Within the field of International Relations Stephen Chan (OBE) needs no introduction.  He is a Professor of Global Politics in the School of Oriental and African Studies (SOAS) at the University of London. He also served as a diplomat and was involved with several important initiatives in Africa, helping to pioneer modern electoral observation. Prof. Chan has twice been Dean at SOAS, has published 29 books and supervised many successful PhD theses. He won the 2010 International Studies Association prize and was named an “Eminent Scholar in Global Development.”

Less well known in academic circles is his lifelong involvement with the martial arts.  Chan has been awarded many senior grades and titles in various styles of Karate.  He has taught on multiple continents including while posted as a diplomat in Africa.  In 2012 he established his own martial arts organization which currently boasts thousands of students in many countries.

I first had an opportunity to meet Prof. Chan at the recent Martial Arts Studies conference in Cardiff where he offered the opening keynote address.  I was struck both with the importance of his remarks and how closely his own family history mirrored the development of the Asian martial arts in the 20th century.

We are very fortunate that Prof. Chan has agreed to take a few moment from his busy schedule to delve a little deeper into a couple of topics which he touched on in his keynote.  In this interview he shares some family history surrounding his Grandmother, Chan Wong Wah Yue, a swordswoman and member of a village militia, who saw action in Guangdong during the turbulent years of the Warlord Era.  While martial arts fiction is full of images of female boxers, relatively few women actually took up these pursuits.  Prof. Chan’s genealogy is fascinating precisely because it allows us to identify one such individual by name, to contextualize her involvement with this aspect of the martial arts, and to trace her subsequent life history.

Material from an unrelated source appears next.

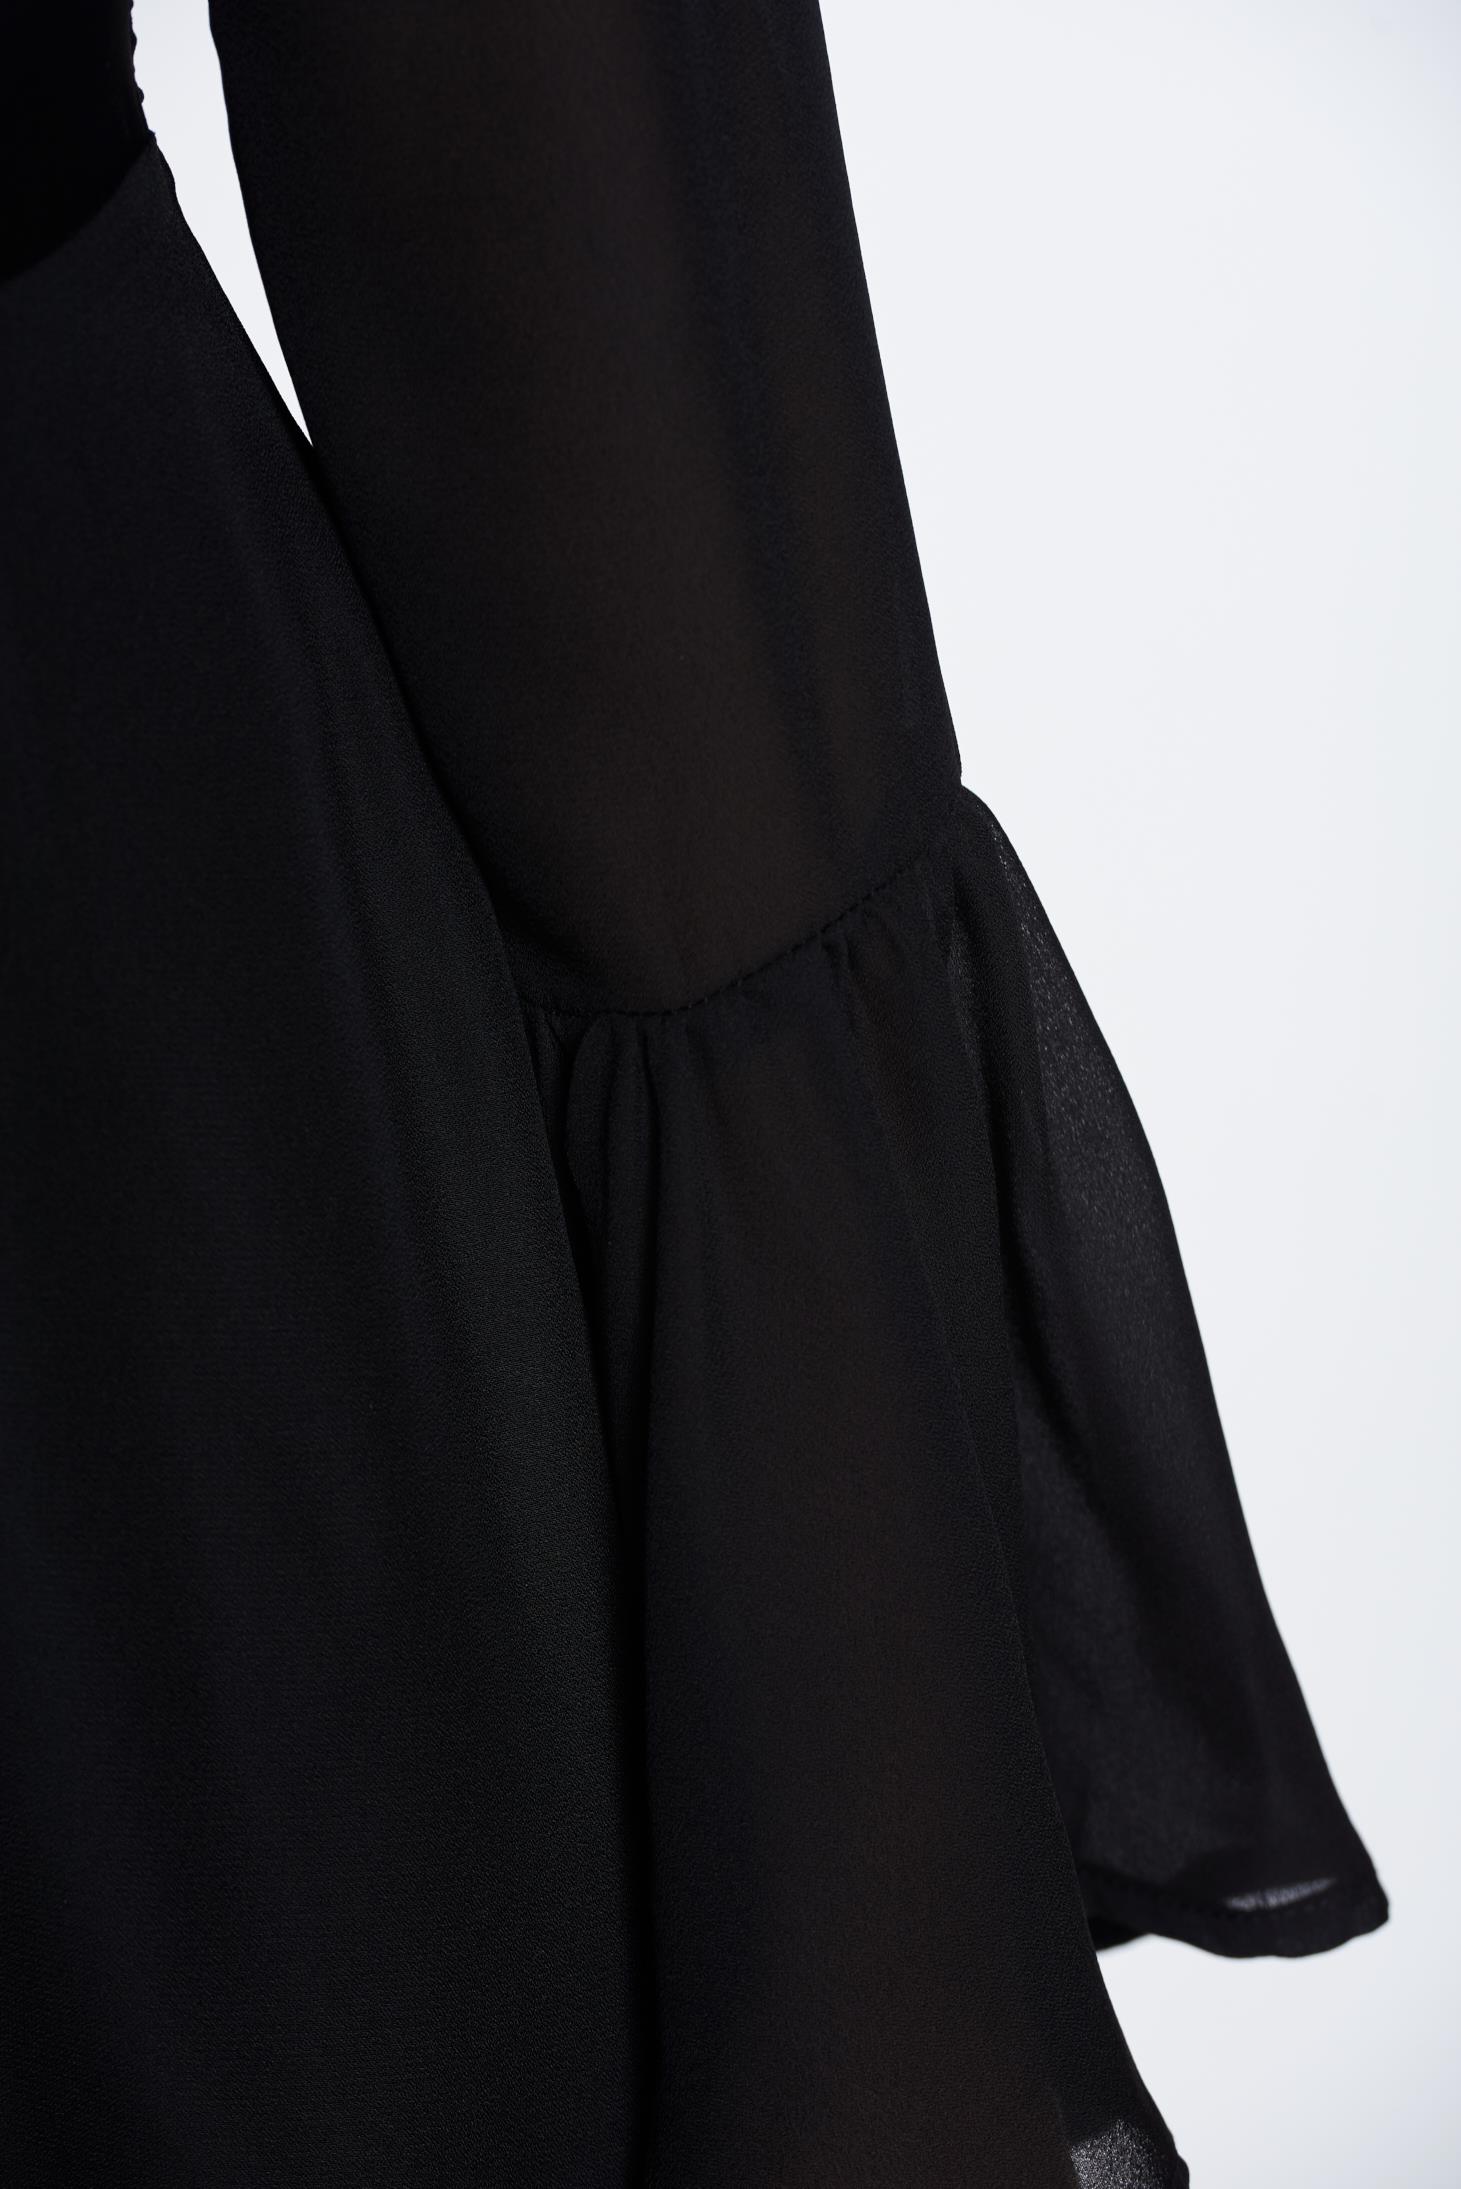 PrettyGirl black elegant daily dress bare back from voile fabric

Since this interview builds on the account already provided in his keynote, readers who have not yet had a chance to review the recording of this address should start here.  Prof. Chan’s presentation is full of interesting observations and stories.  Your efforts will be well rewarded!  Following that he offers some additional discussion below.  Enjoy!

 

Prof. Stephen Chan, scholar, diplomat and martial artist.

Prof. Stephen Chan, scholar, diplomat and martial artist.

 

 

Kung Fu Tea (KFT): Can you begin by giving us some information on your Grandmother? What was her name? Where (and when) was she born?

Prof. Stephen Chan: My grandmother’s name was Wong Wah Yue, and she married Chan Hong Ling of Sungai village, then outside metropolitan Canton. No birth dates were recorded for her or her first child but she died at age 78 [circa 1906 – 30th April 1982].

I know nothing of her ancestry, although her husband’s ancestry can still be traced in records back some 800 years.

 

KFT: What can you tell me about her husband’s background and occupation? And what did he think of her martial arts activities?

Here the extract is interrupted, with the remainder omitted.